▶ [TASK STATEMENT]: Each line from the one holding "Women Winter Fur" to the last line below must be restated word for word, and no picture may be included.

▶ [SUPPLIED INFORMATION]:

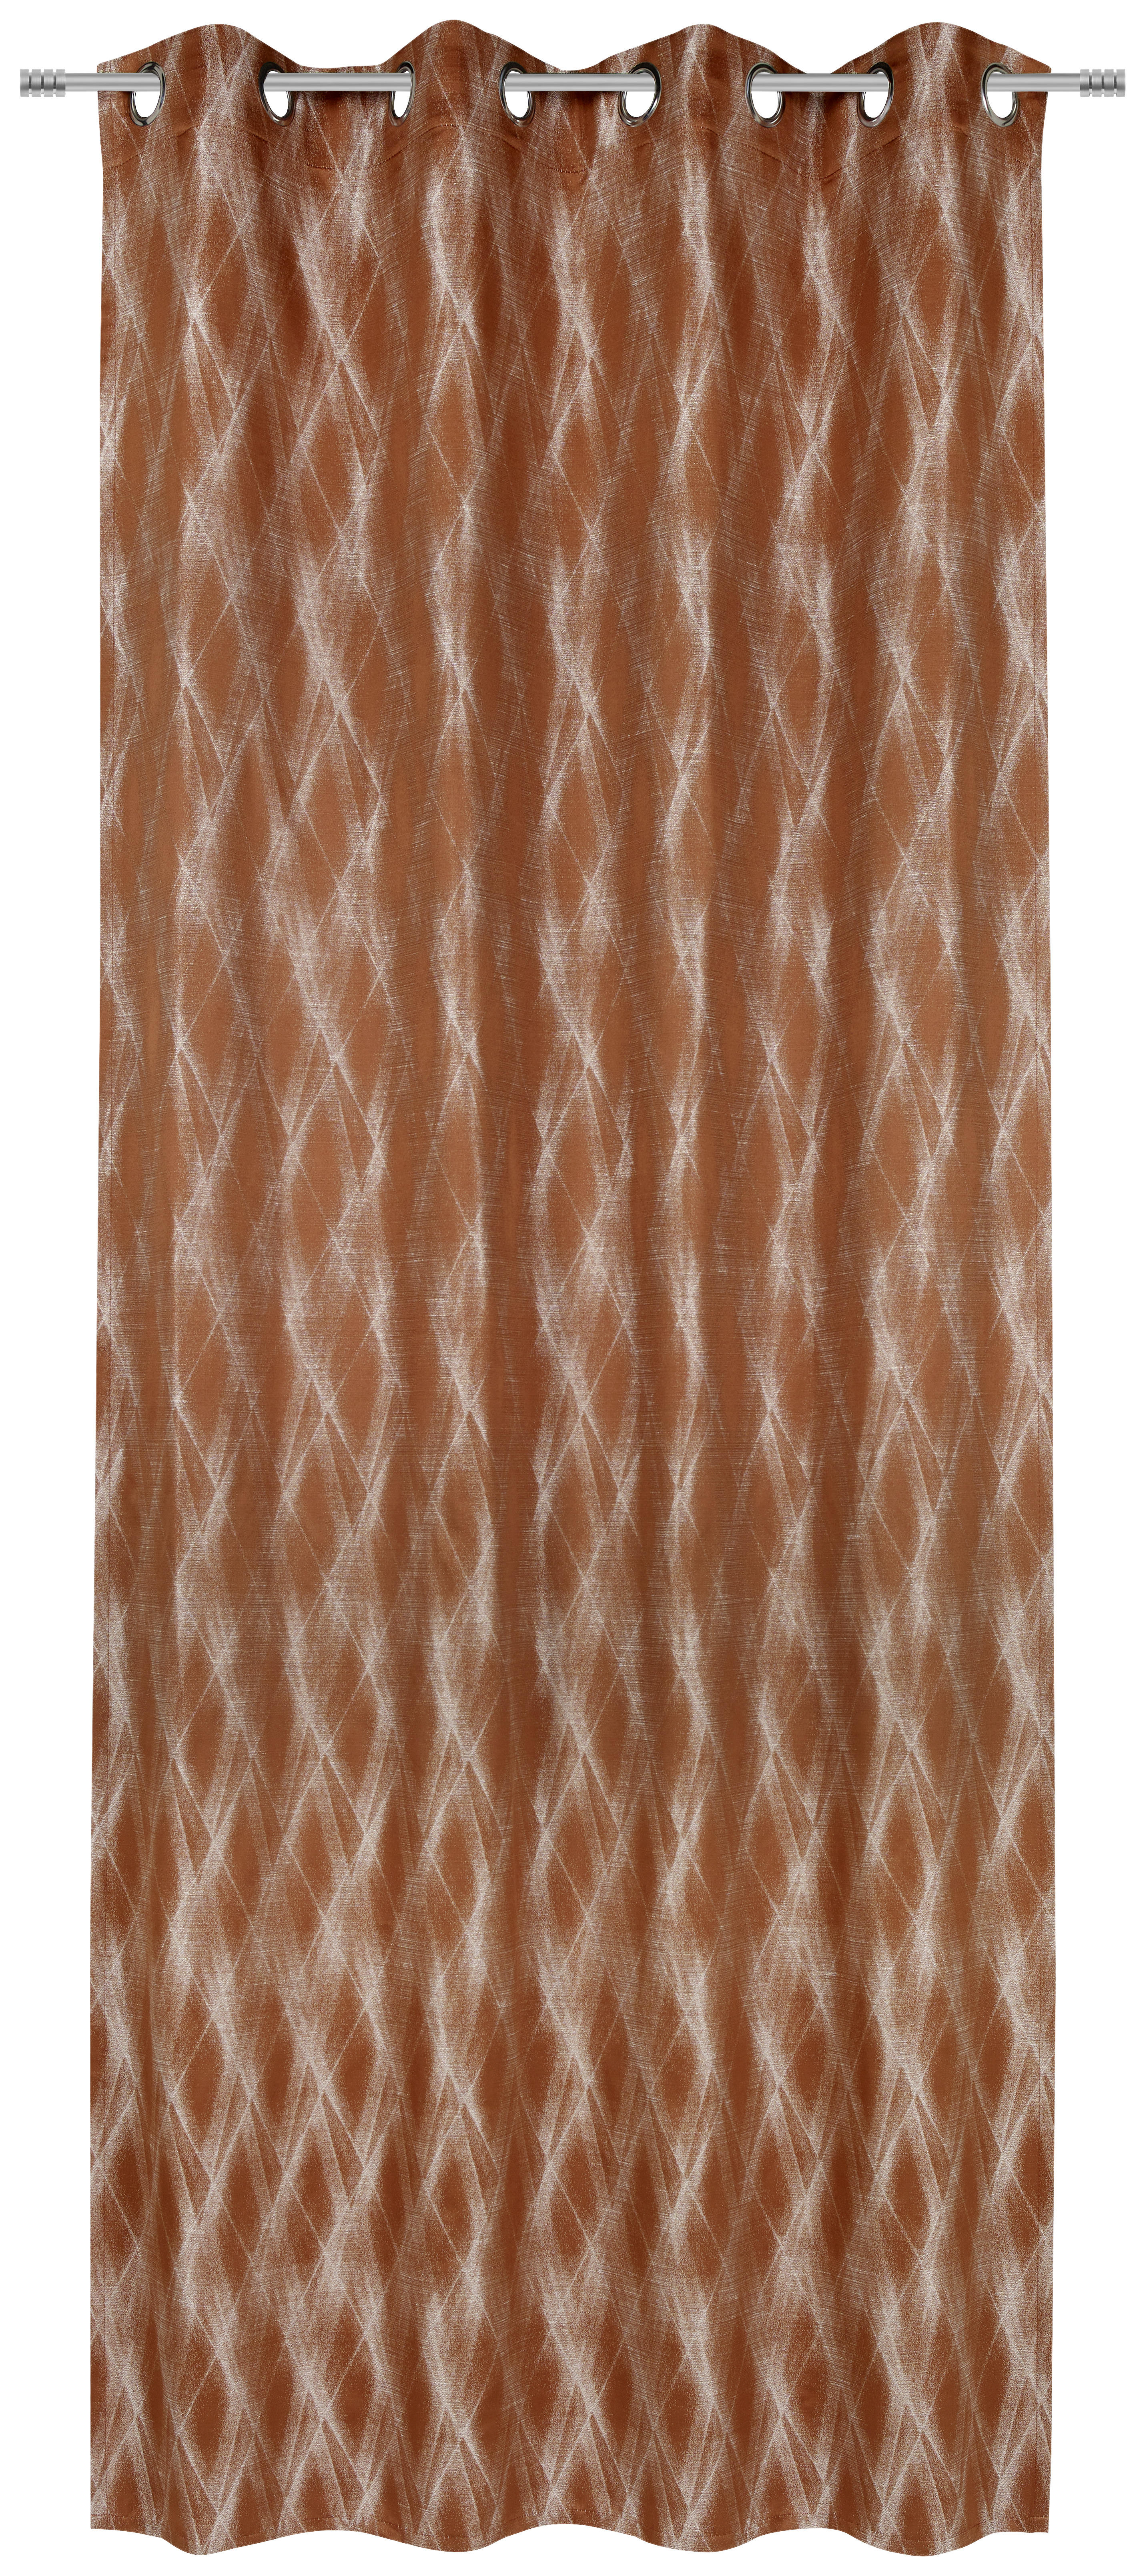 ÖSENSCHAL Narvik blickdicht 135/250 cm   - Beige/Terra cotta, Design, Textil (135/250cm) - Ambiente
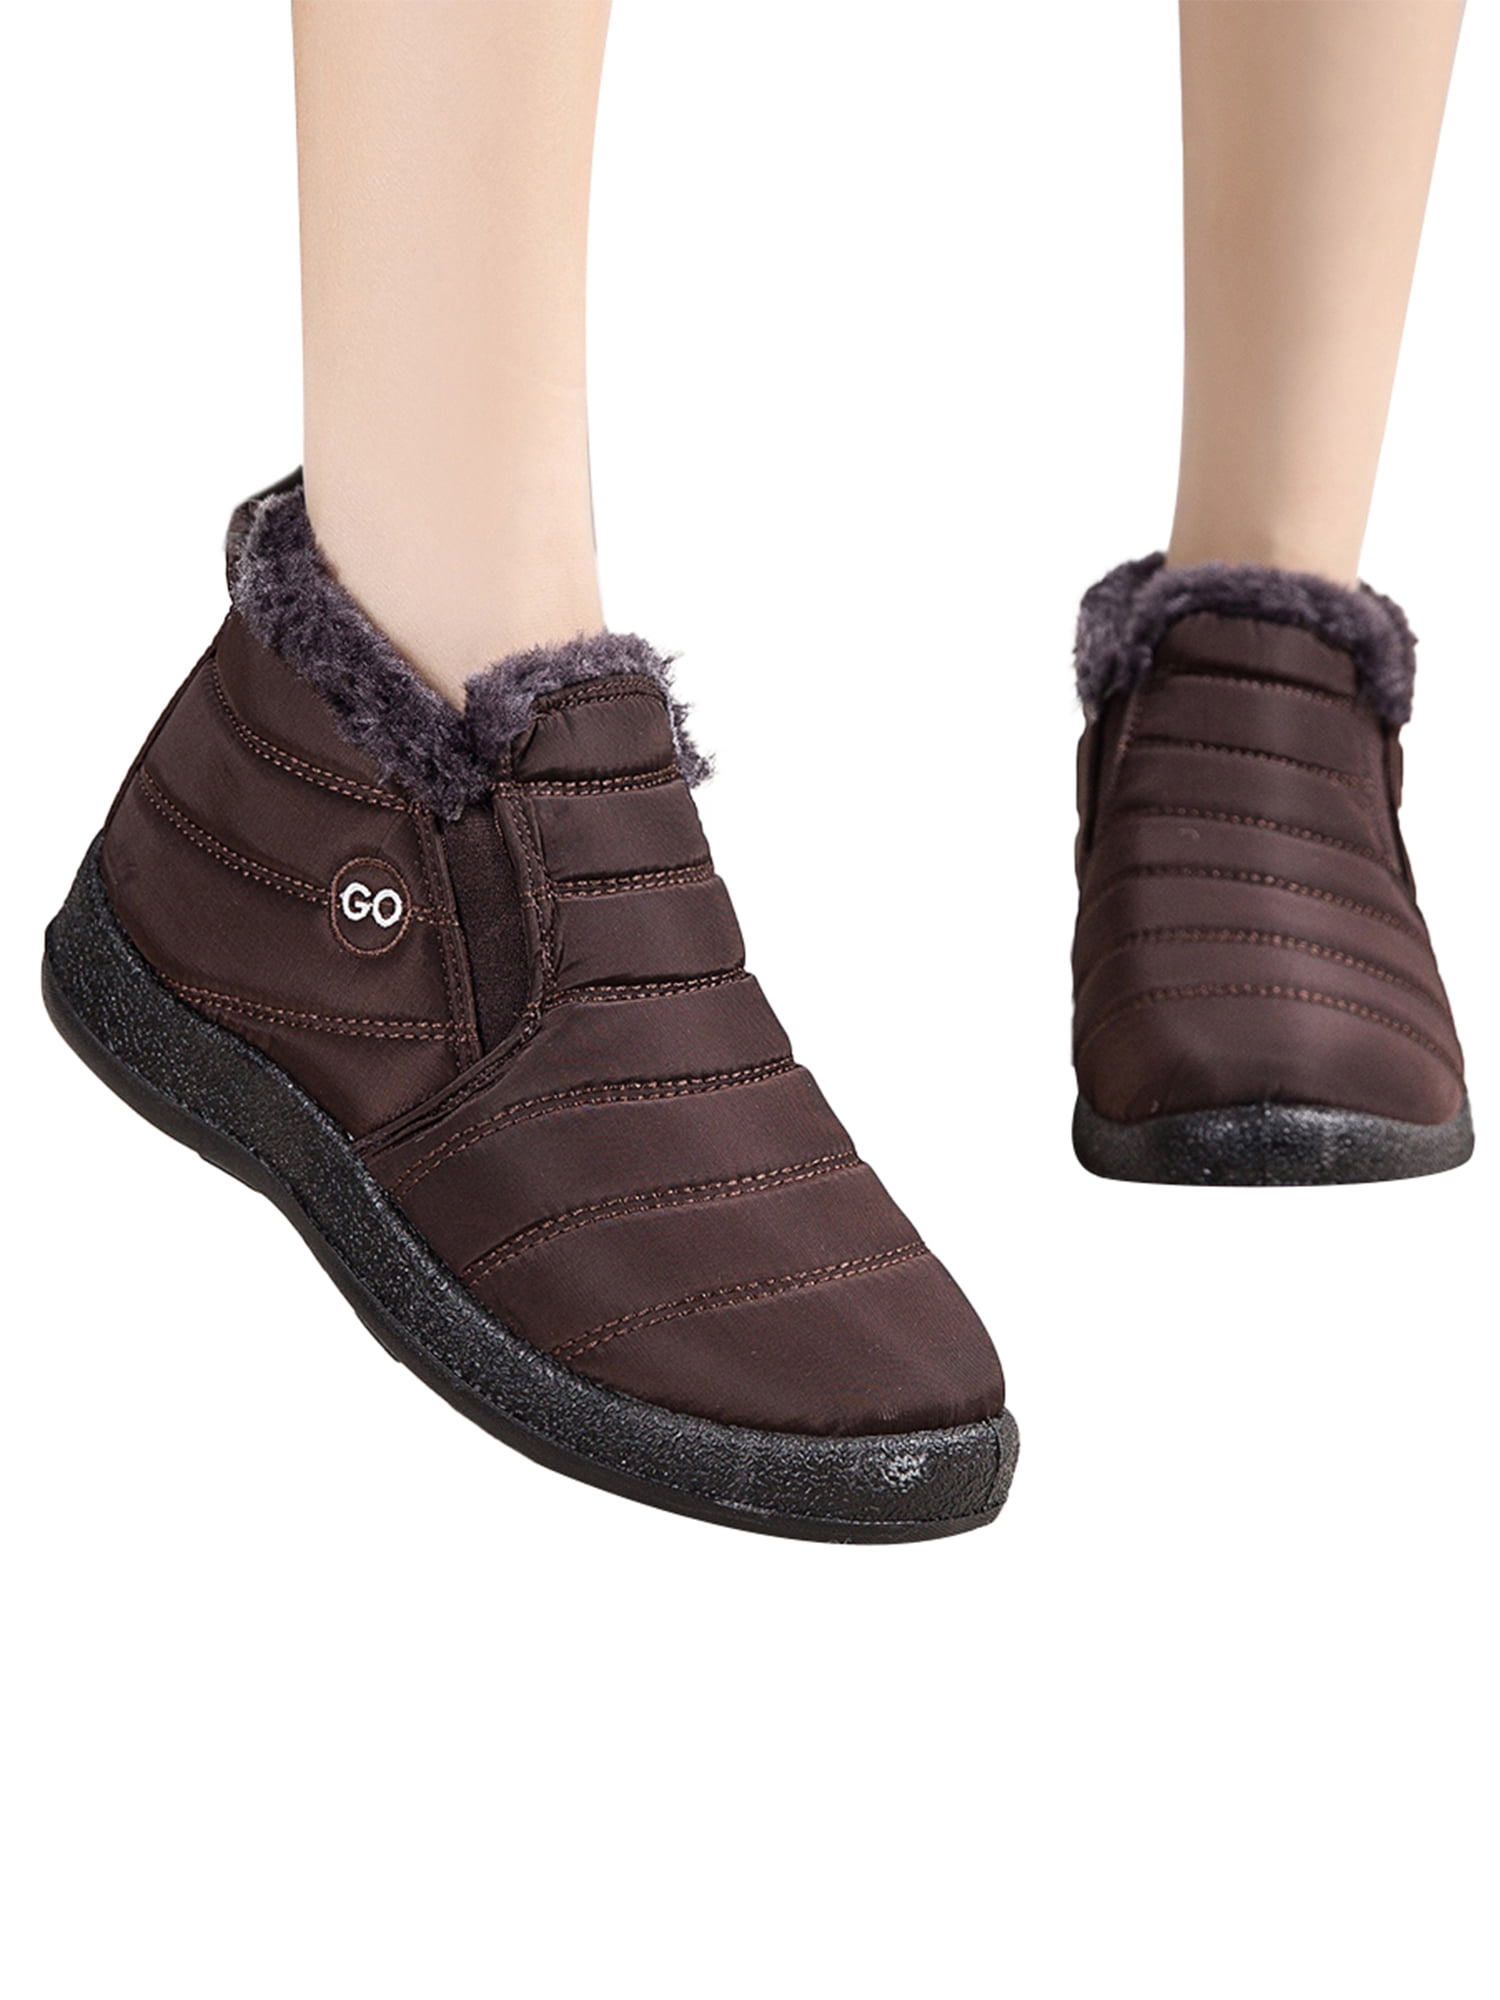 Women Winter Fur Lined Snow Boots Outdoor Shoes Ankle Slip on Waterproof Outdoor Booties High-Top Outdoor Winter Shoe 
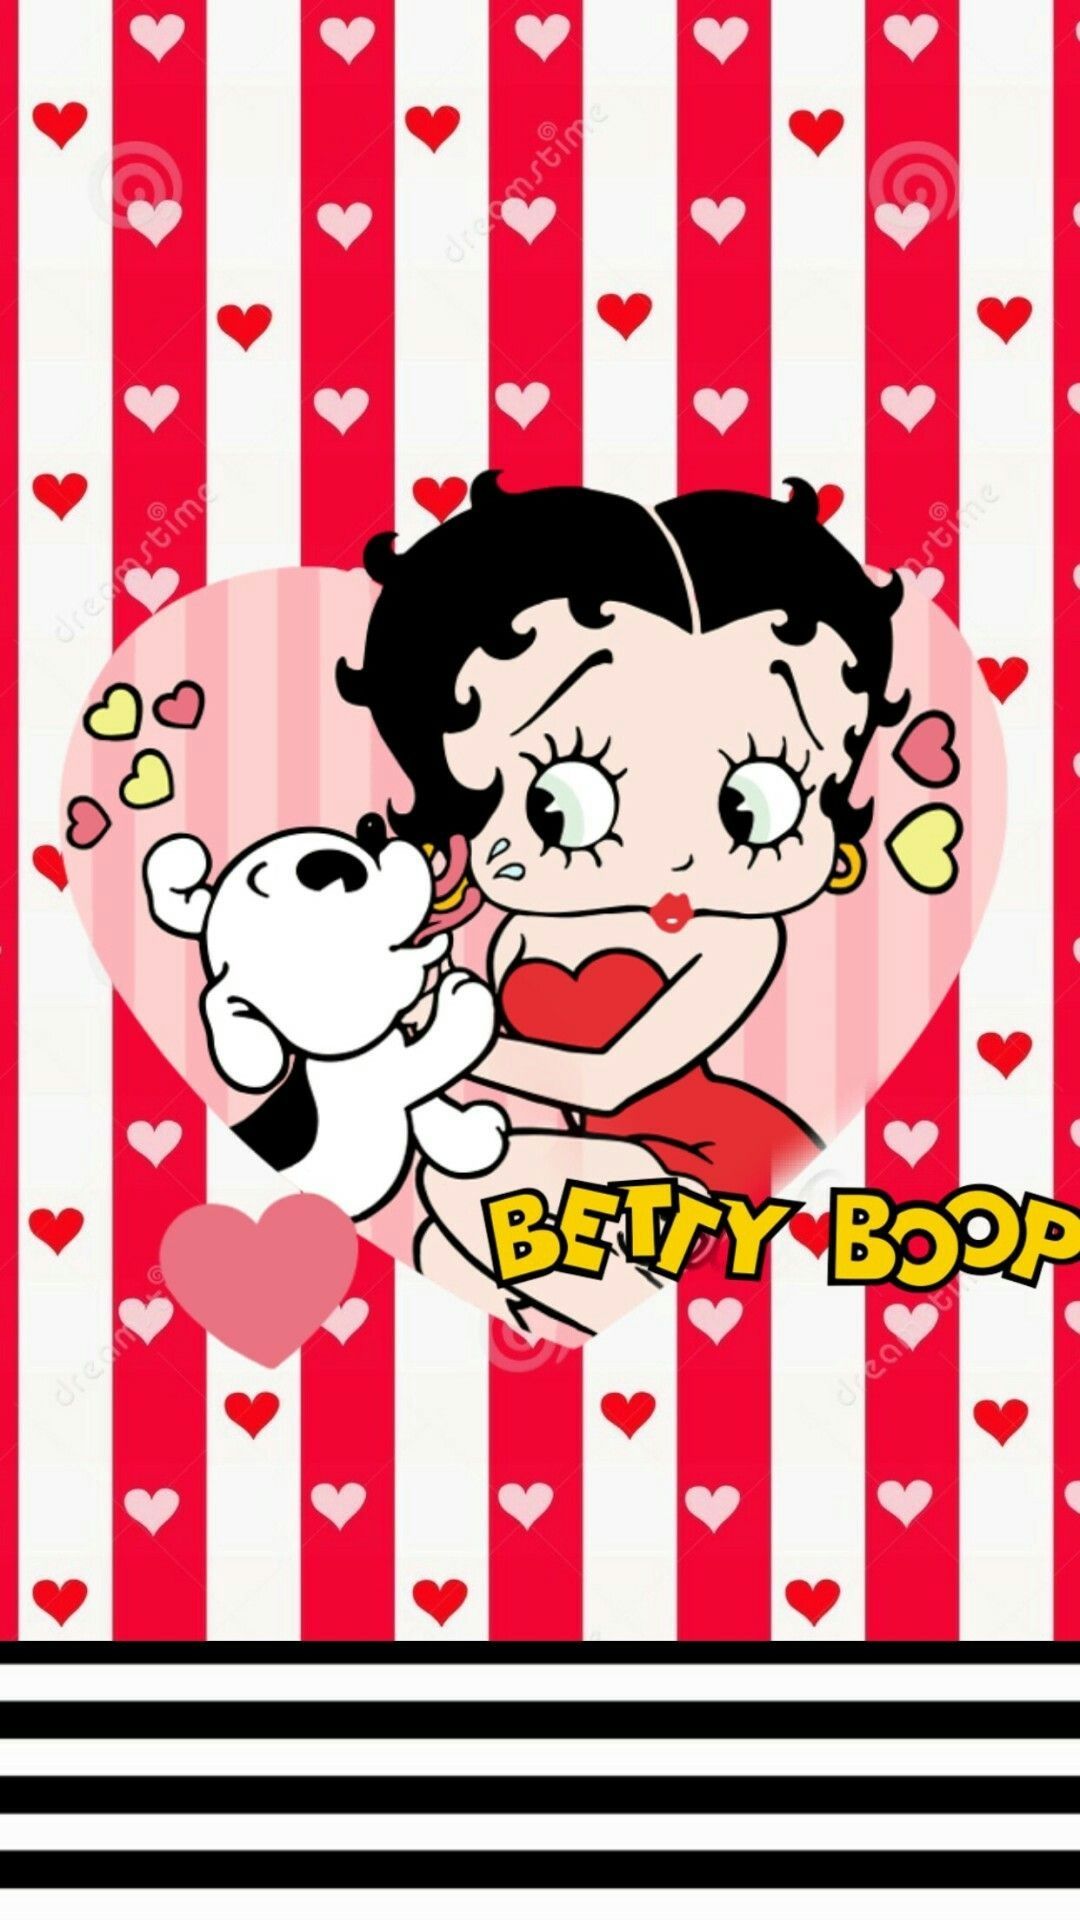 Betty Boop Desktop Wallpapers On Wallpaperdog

▶ [EXERCISE RESPONSE]:
 Women Winter Fur Lined Snow Boots Outdoor Shoes Ankle Slip on Waterproof Outdoor Booties High-Top Outdoor Winter Shoe 
 Betty Boop Desktop Wallpapers On Wallpaperdog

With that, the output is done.